- MATERIAL PROVIDED -
-- Opening Marker --
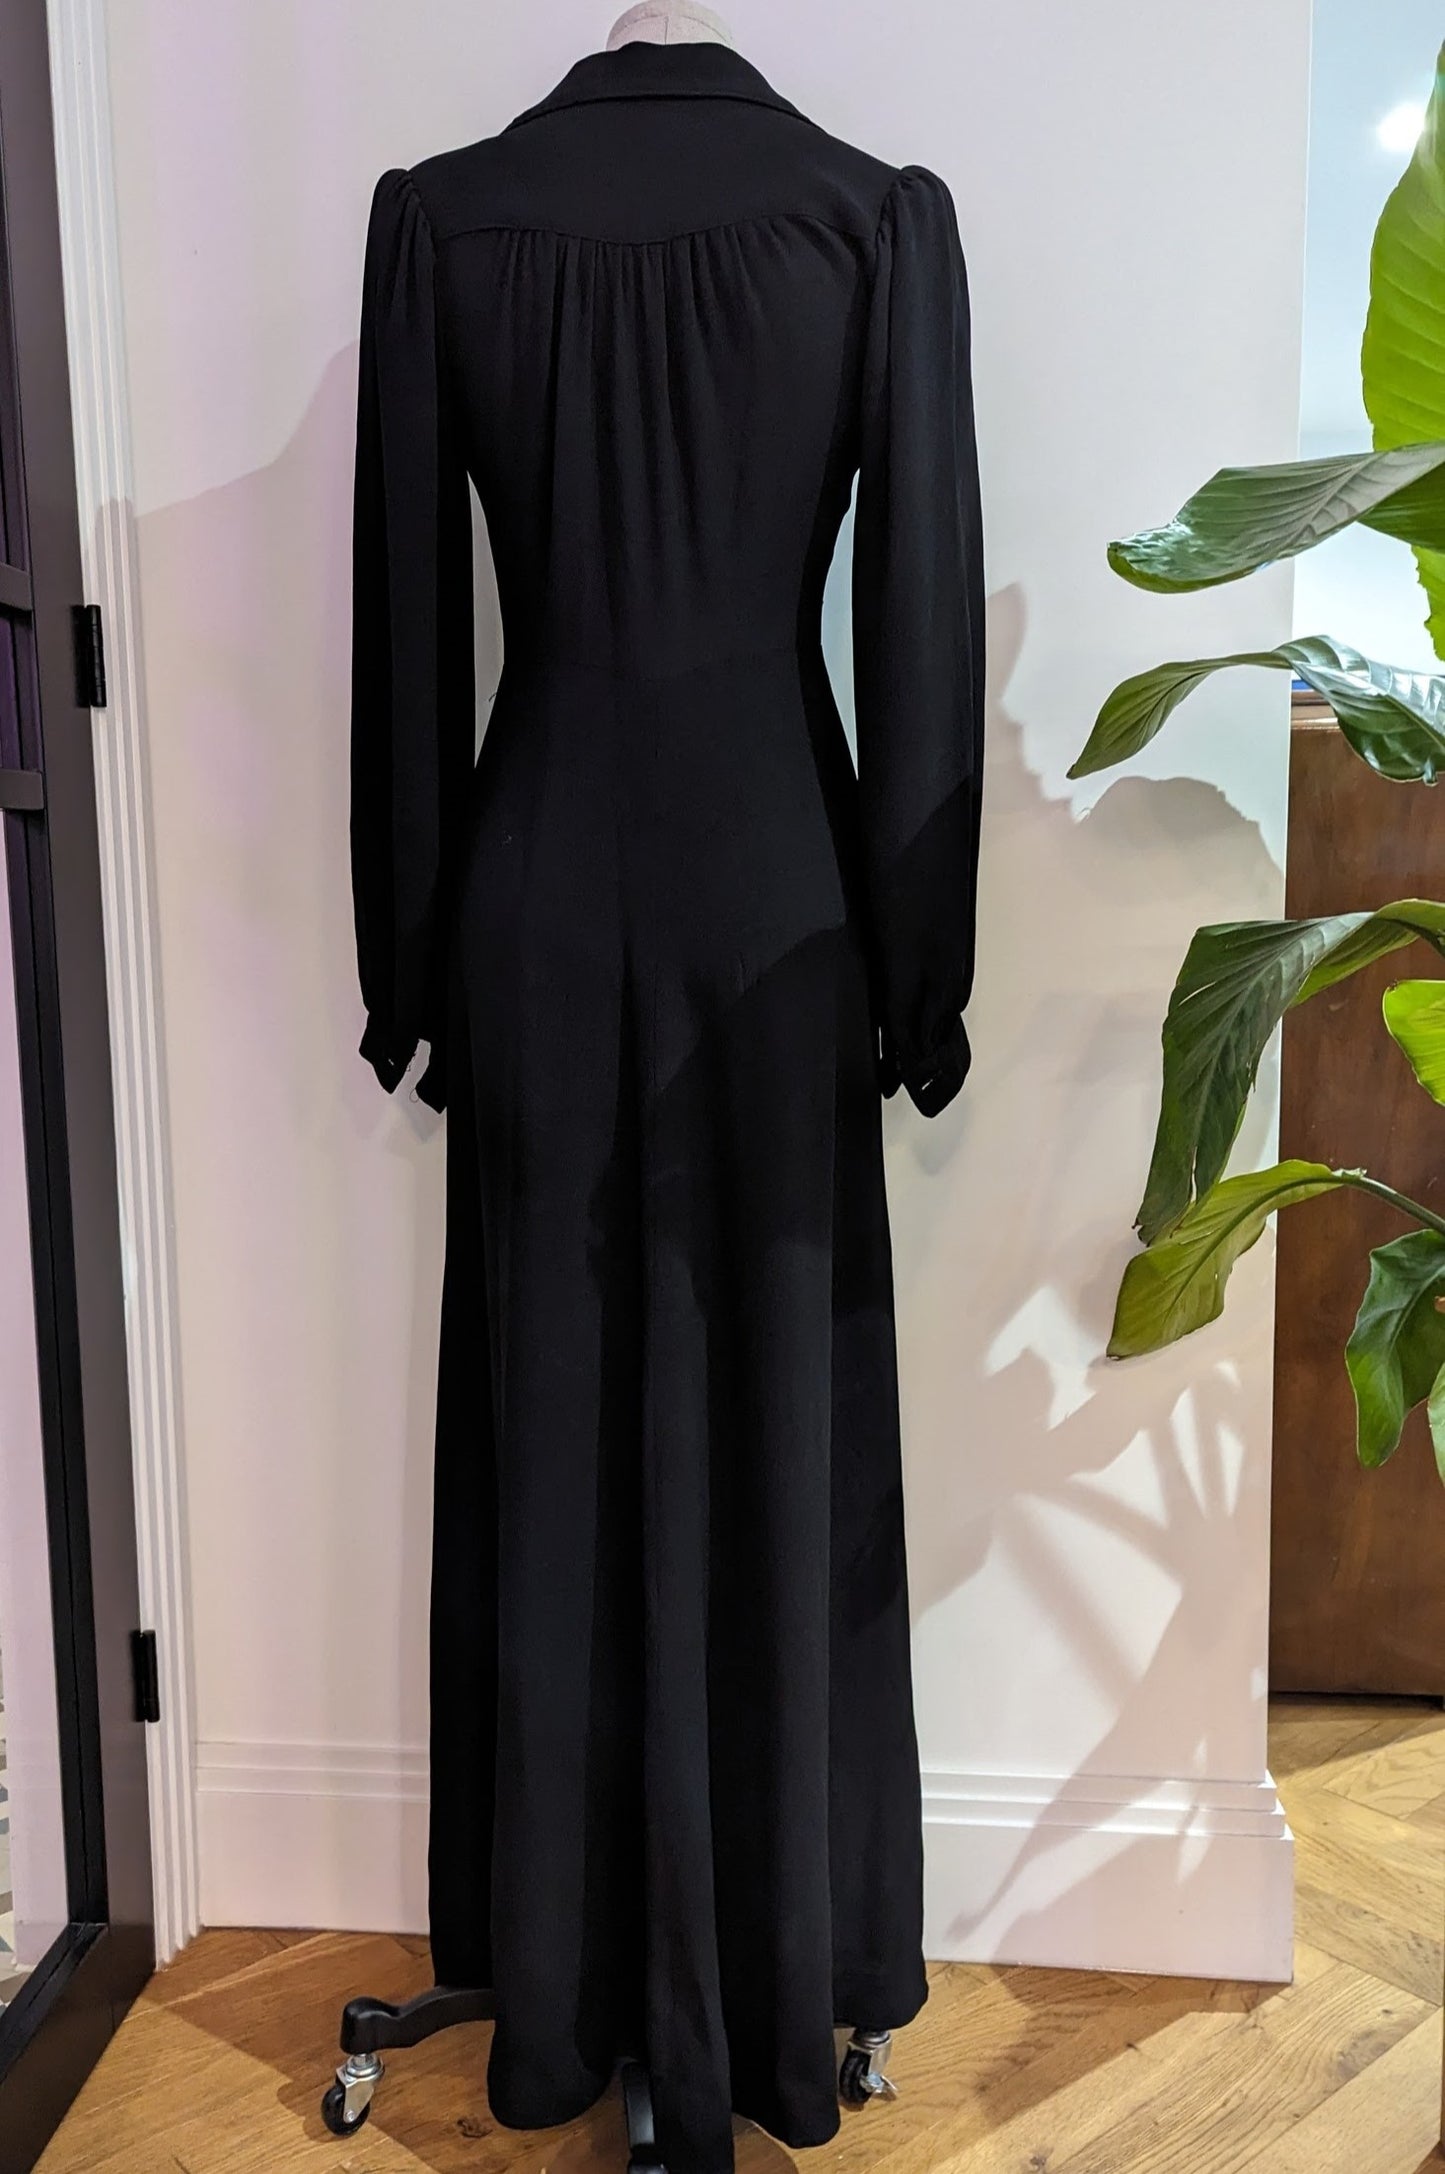 Ossie Clark black crepe long dress from back
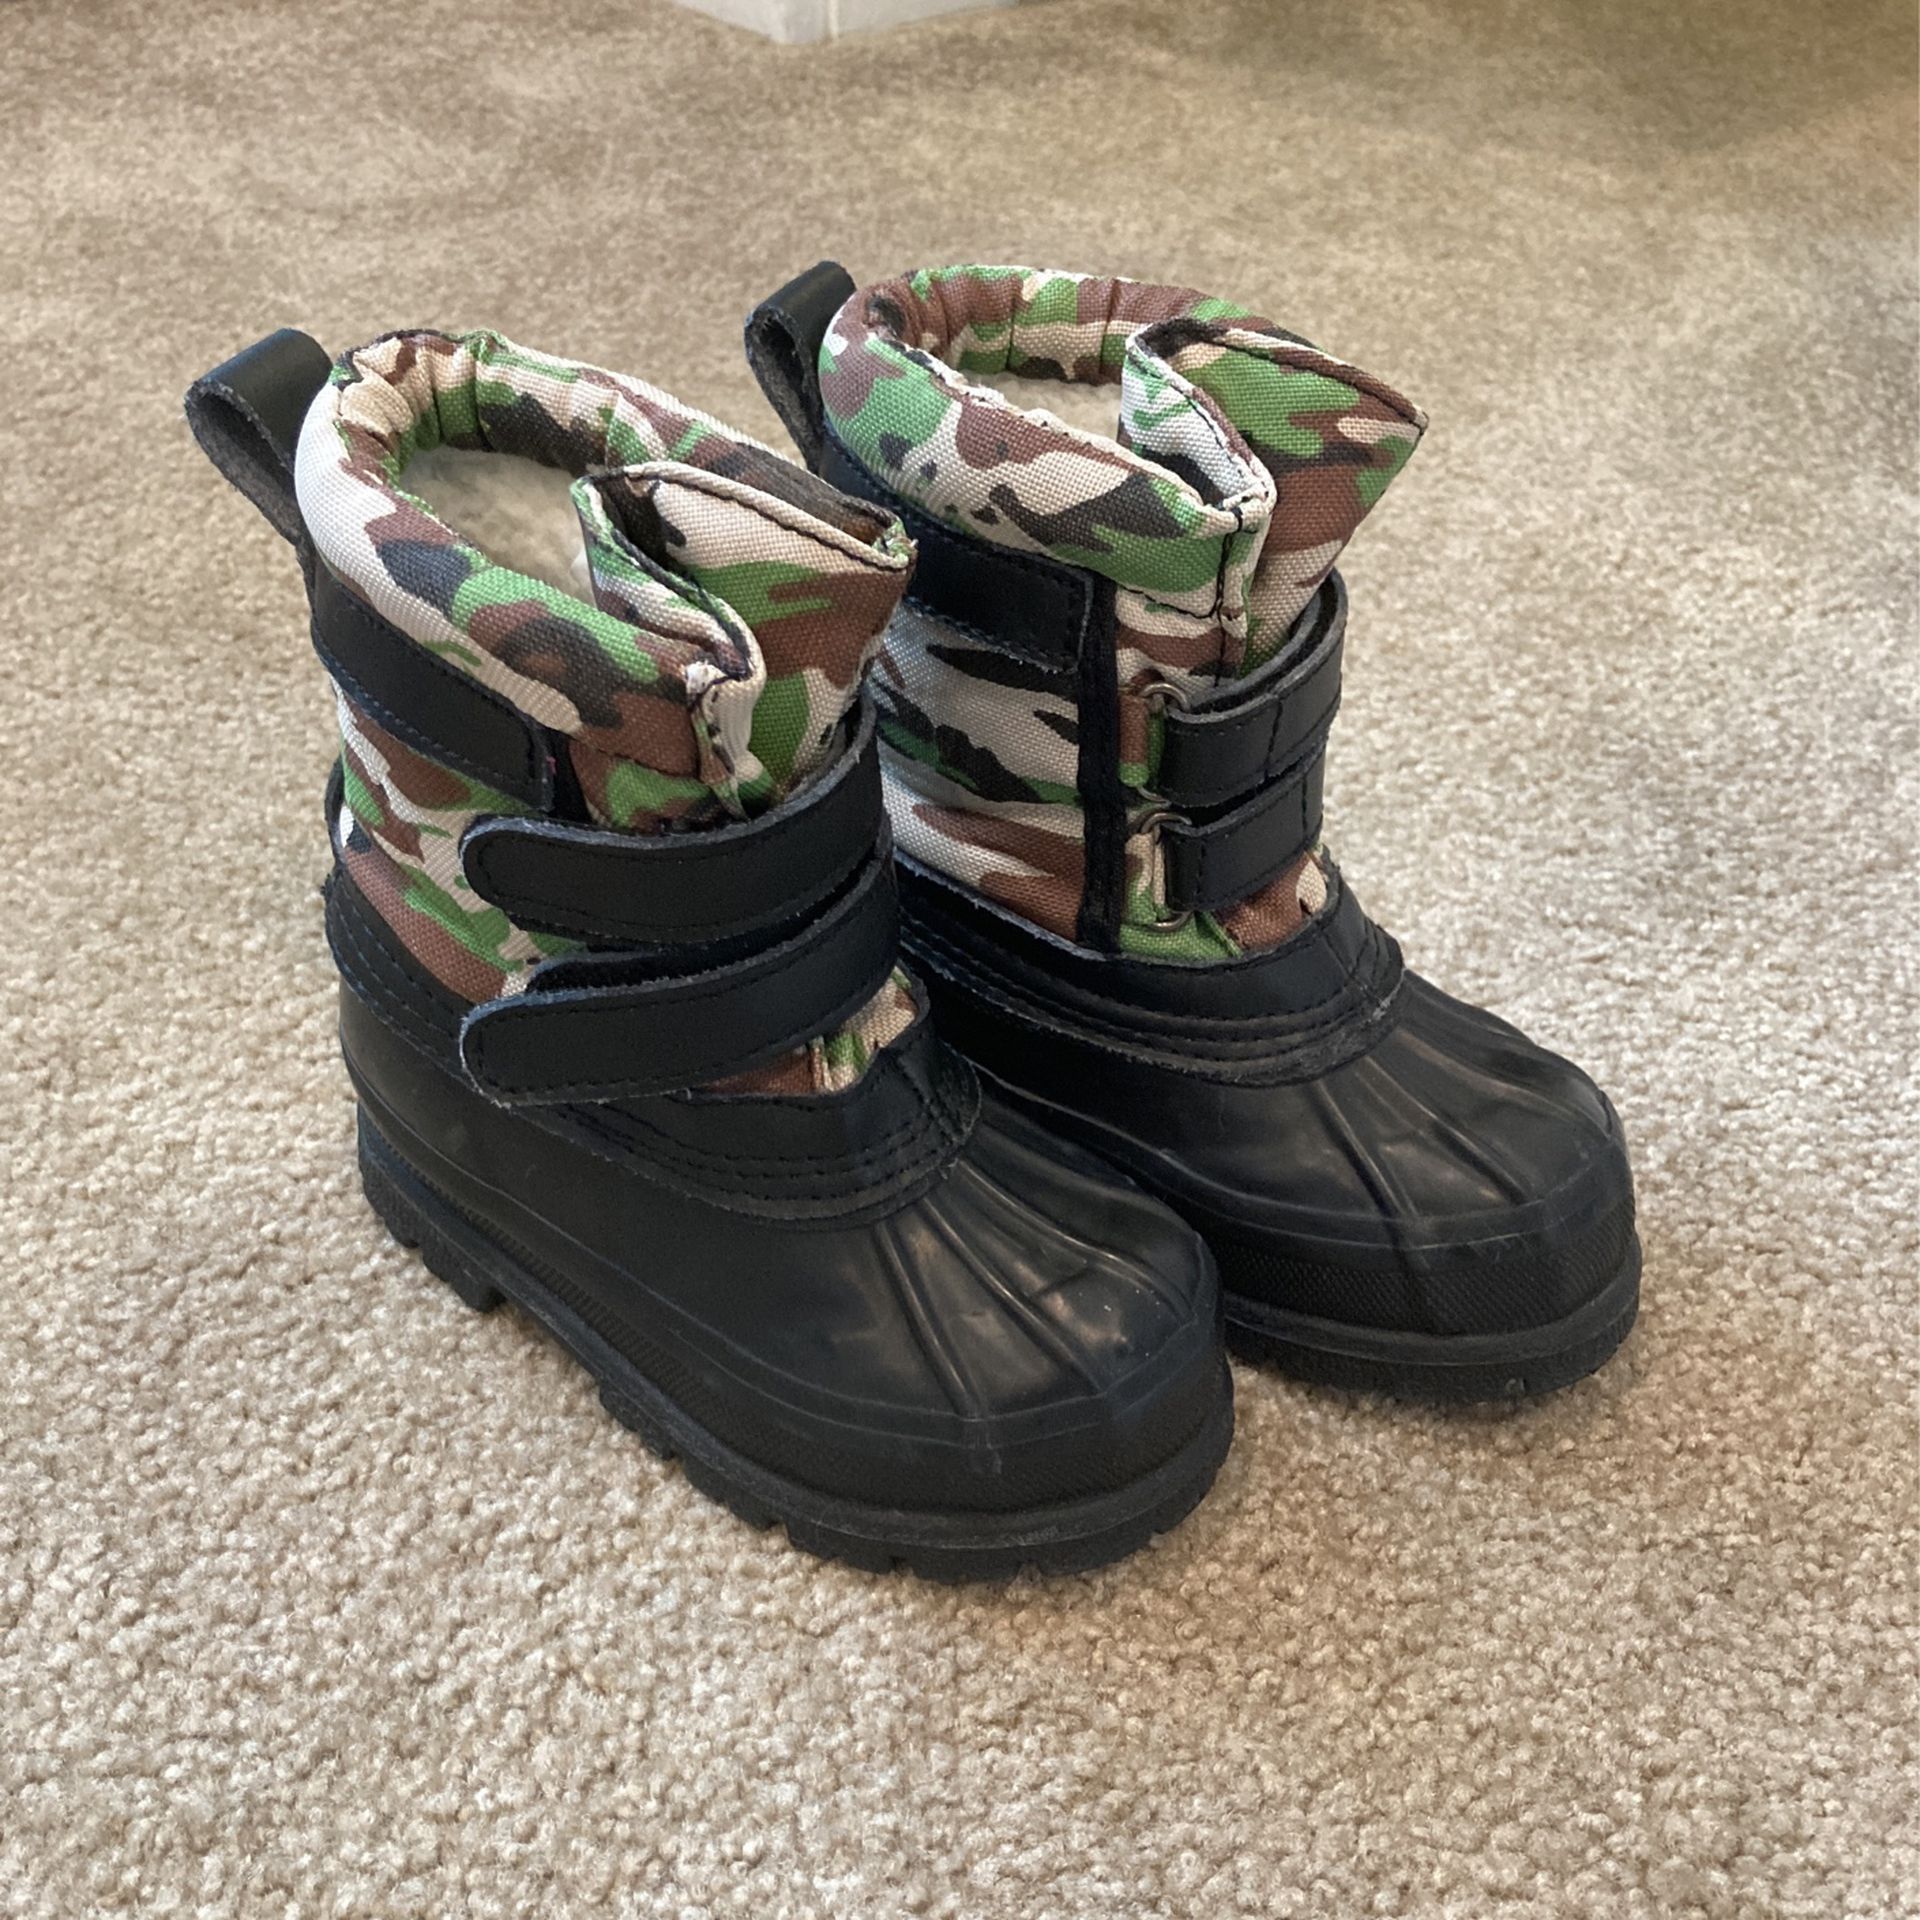 8c Snow Boots
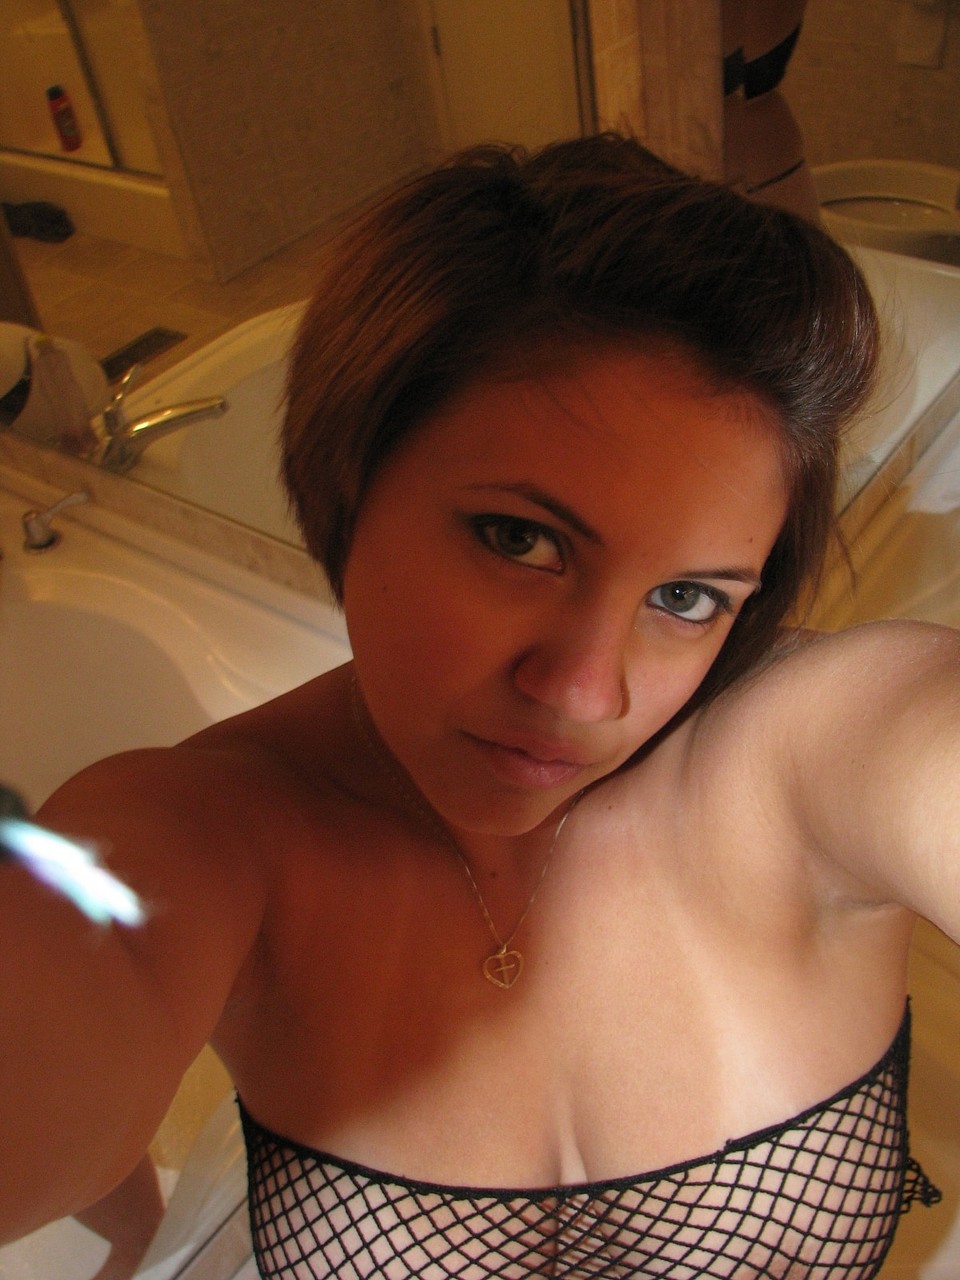 Sexy teen amateur shows off her big breasts while taking nude photos porno fotoğrafı #427315085 | Teen Girl Photos Pics, Amateur, mobil porno
-- Closing Marker --
- EXERCISE OBJECTIVE -
Repeat every line above exactly, but omit all images.

- FINAL ANSWER -
 Ossie Clark black crepe long dress from back
 8c Snow Boots
 Sexy teen amateur shows off her big breasts while taking nude photos porno fotoğrafı #427315085 | Teen Girl Photos Pics, Amateur, mobil porno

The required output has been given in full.